The agreement was plainly a bilateral contract providing for certain payments by the plaintiff and conveyances by the defendant. “It contained mutual and *157 dependent covenants demanding of each of the parties readiness and willingness to perform, and required as a condition of judicial enforcement or redress for breach at the complaint of either such readiness and willingness on the part of the complaining party or a showing of sufficient excuse for their absence. Lunde v. Minch, 105 Conn. 657, 659, 136 Atl. 552; Stierle v. Rayner, 92 Conn. 180, 183, 102 Atl. 581.” Dadio v. Dadio, 123 Conn. 88, 91, 192 A. 557. The plaintiff recognizes the applicability of this principle but claims that the circumstances show “sufficient excuse” for its failure to tender the balance of the purchase price. In this connection it counts upon the only error now claimed as to the facts found: that the court was unwarranted in finding that “the defendant was at all times ready and willing to execute and deliver a bill of sale for the furniture owned by it in the . . . three apartments.” In a word, its argument is that there is no evidence that any bill of sale of the furniture called for by the agreement was prepared, consequently the finding quoted cannot be supported, and therefore the plaintiff was excused from tendering the balance of the purchase price and so is entitled to relief in this action.

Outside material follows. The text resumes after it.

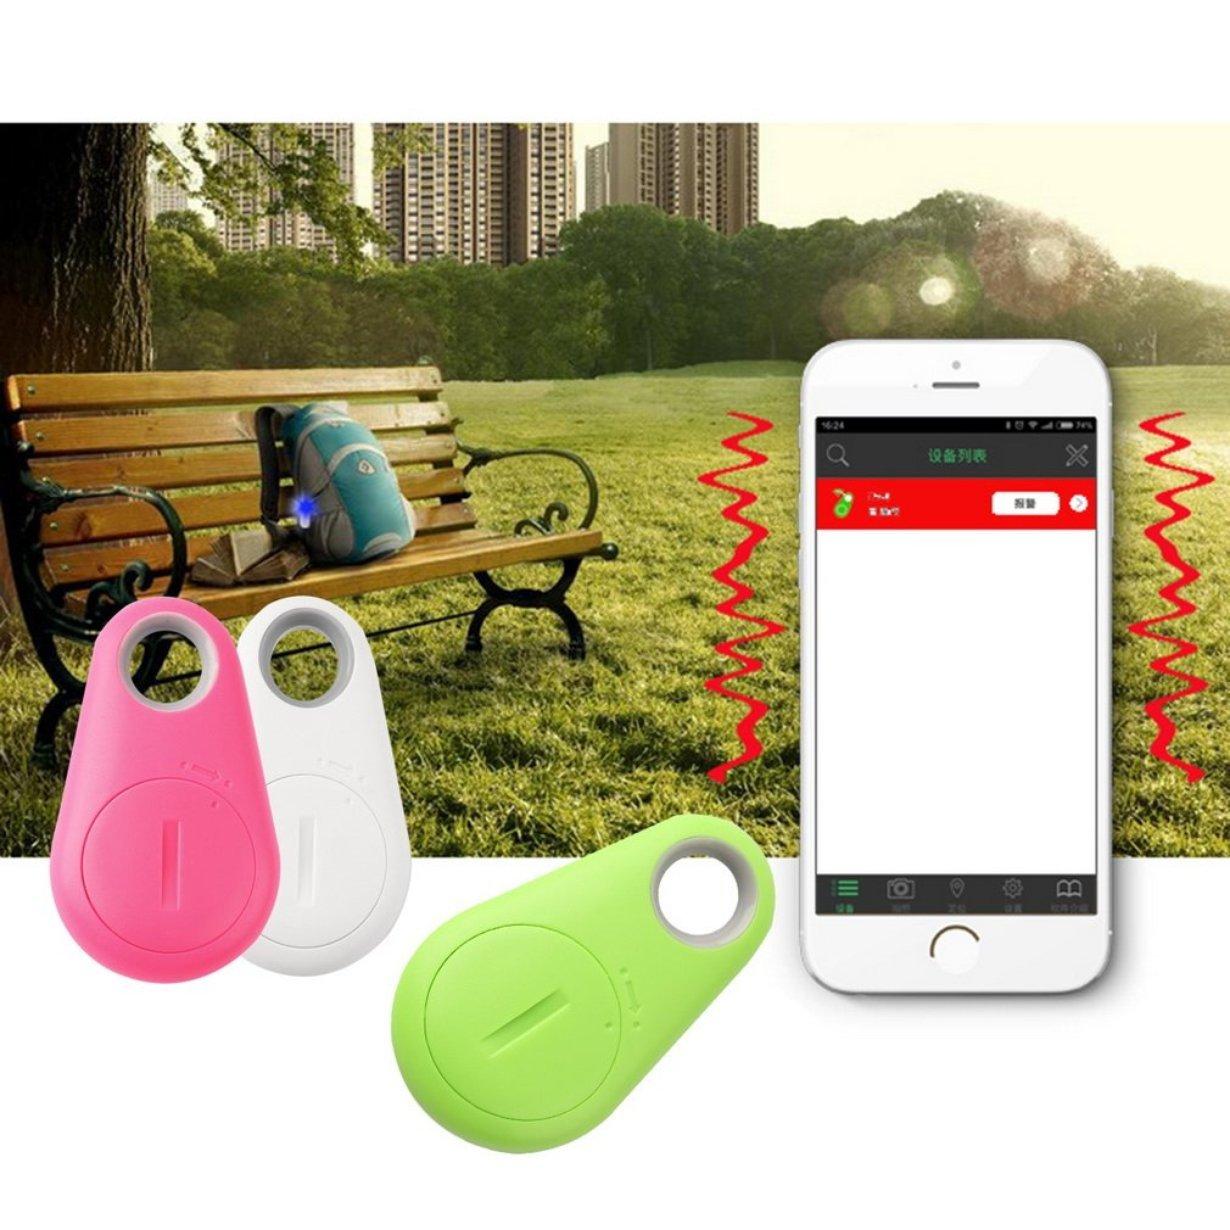 camellia Mini Fashion 4.0 Verfolger-Verzeichnis Tag Alarm Walle Key Hund Tracker Anti-verlorene Tasche Gr/ö/ße Smart-Tracker pink

The theory of the plaintiff’s contention is that the defendant’s failure to have a bill of sale prepared constituted a prevention of performance by the plaintiff within the principle stated in Godburn v. Meserve, 130 Conn. 723, 726, 37 A. 2d 235. It fails to take into account, however, that, as we stated in that opinion, “ ‘In order to amount to a prevention of performance by the adversary party, the conduct on the part of the party who is alleged to have prevented performance must be wrongful, and, accordingly, in excess of his legal rights.’ 5 Page, Contracts, § 2919, p. 5145 . . . .” It is clear upon the facts found that the defendant’s *158 conduct in failing to tender either an executed bill of sale or deed was not “wrongful.” Because of the defendant’s refusal to include in the bill of sale furniture which was not called for by the agreement, the plaintiff finally stated that it did not want the property and left. Under the circumstances it would have been futile for the defendant to make the tender referred to. The law does not require an act which would be a mere futility. Grant v. Pagter, 133 Conn. 646, 649, 53 A. 2d 380; Tracy v. O’Neill, 103 Conn. 693, 699, 131 A. 417; Romanoff v. DeSanto, 101 Conn. 504, 511, 126 A. 694. The defendant was under no duty to tender a deed and bill of sale to the plaintiff, and the court’s finding that the defendant was ready and willing to convey cannot be disturbed.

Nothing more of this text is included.